Known as MARTE, the project is developing robot systems that will drill into the subsurface of Mars in search of underground life. Scientists believe liquid water may exist deep underground there, according to NASA.
From Sept. 29 through Oct. 15, eight educational Webcasts will be broadcast from the project site near Spain's Rio Tinto River. Carol Stoker, a scientist at NASA's Ames Research Center in California, will conduct the first Webcast at 10 a.m. Sept. 29.
"Searching for subsurface life in the Rio Tinto system can be viewed as a learning experience to teach scientists and technologists how to search for life in the subsurface of Mars," said Stoker, the lead investigator for the three-year experiment.

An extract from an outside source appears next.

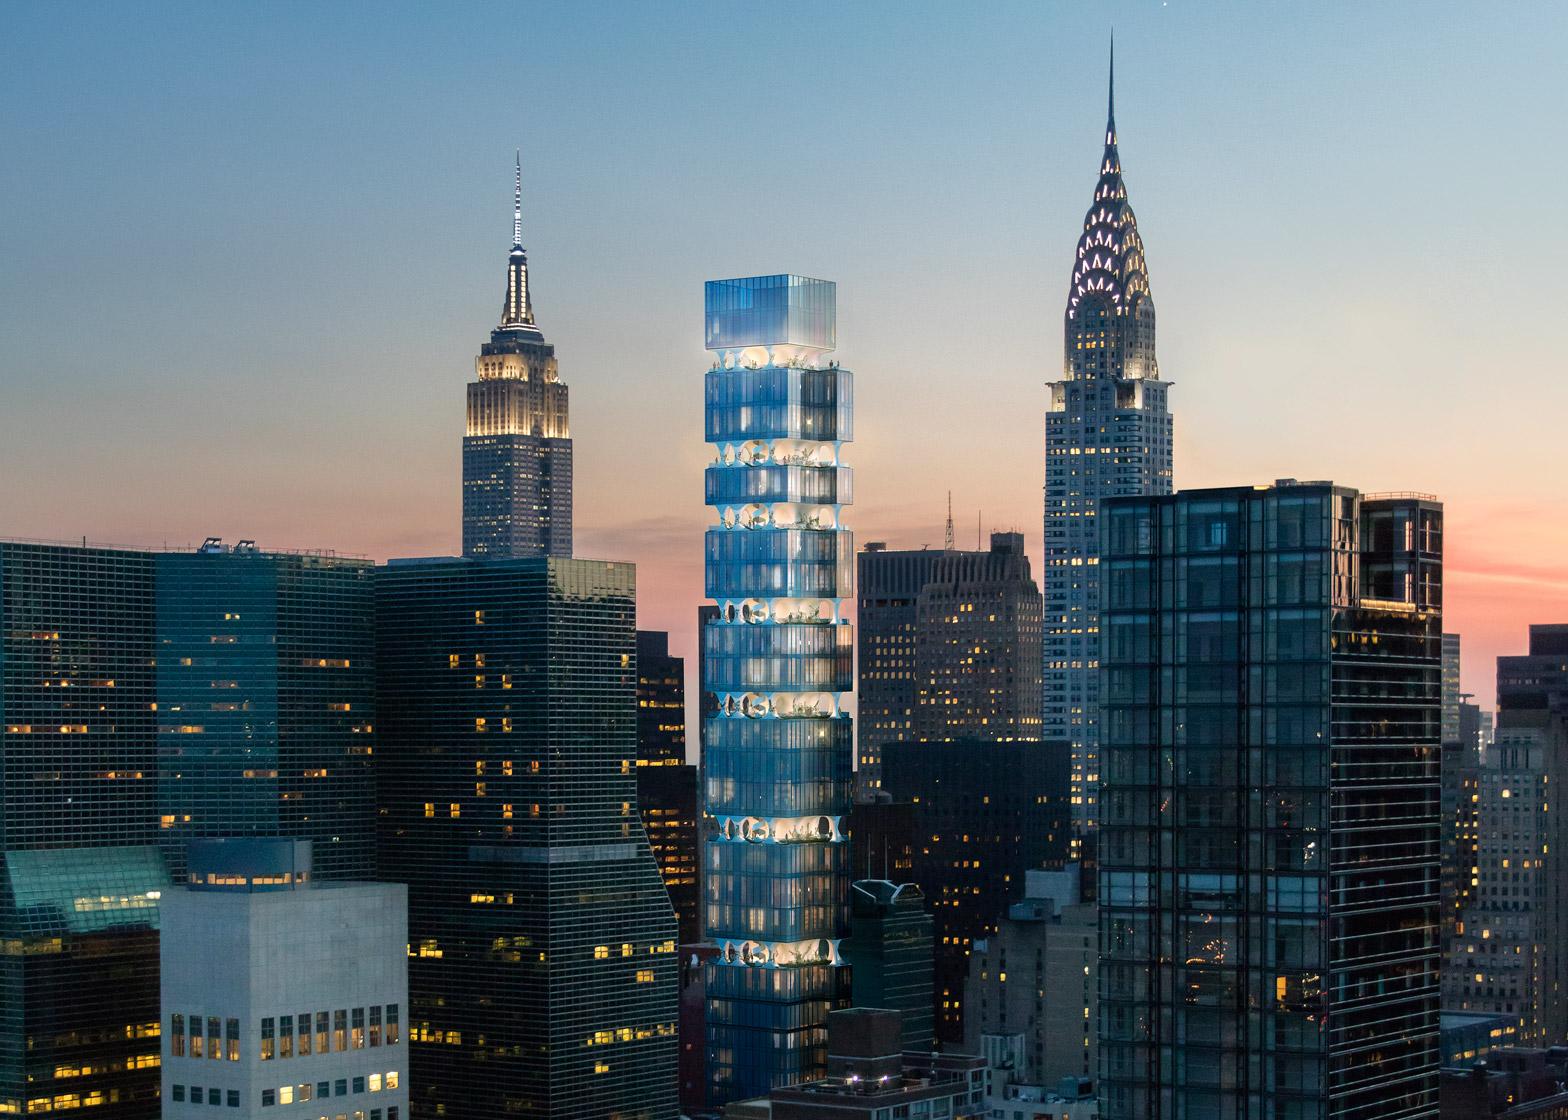 East 44th Street by ODA
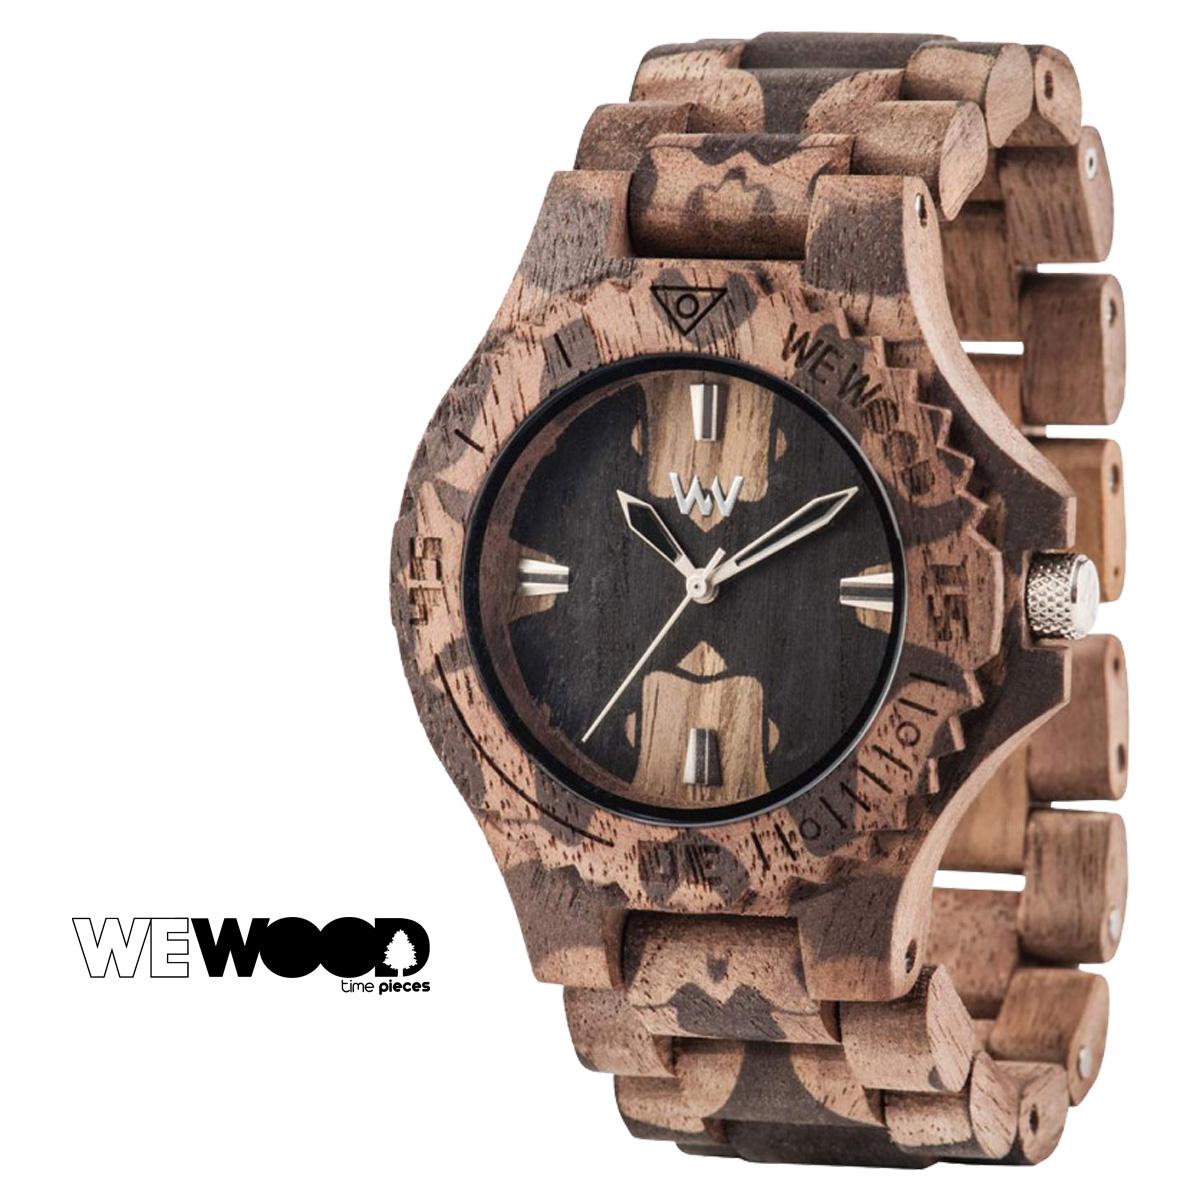 WEWOOD 腕時計 レディース ウィーウッド DATE NATURE MIRROR NUT メンズ

The lecture series will feature subtitles in English and Spanish, and has been structured as a three-week interactive course called the NASA Robotics for Research and Exploration. One participating university is California's San Jose State University. Students there will receive one unit of college credit for the course, and will be able to ask the scientists questions using Internet chat technologies.
"What's different about this course is that it offers real-time transcription in both Spanish and English," said Mark Leon, deputy chief of the Ames Research Center education office. "So far, this has only been done before with the French in 1998."
The lectures are available to a worldwide listening audience over the Internet, through the program's live Web site.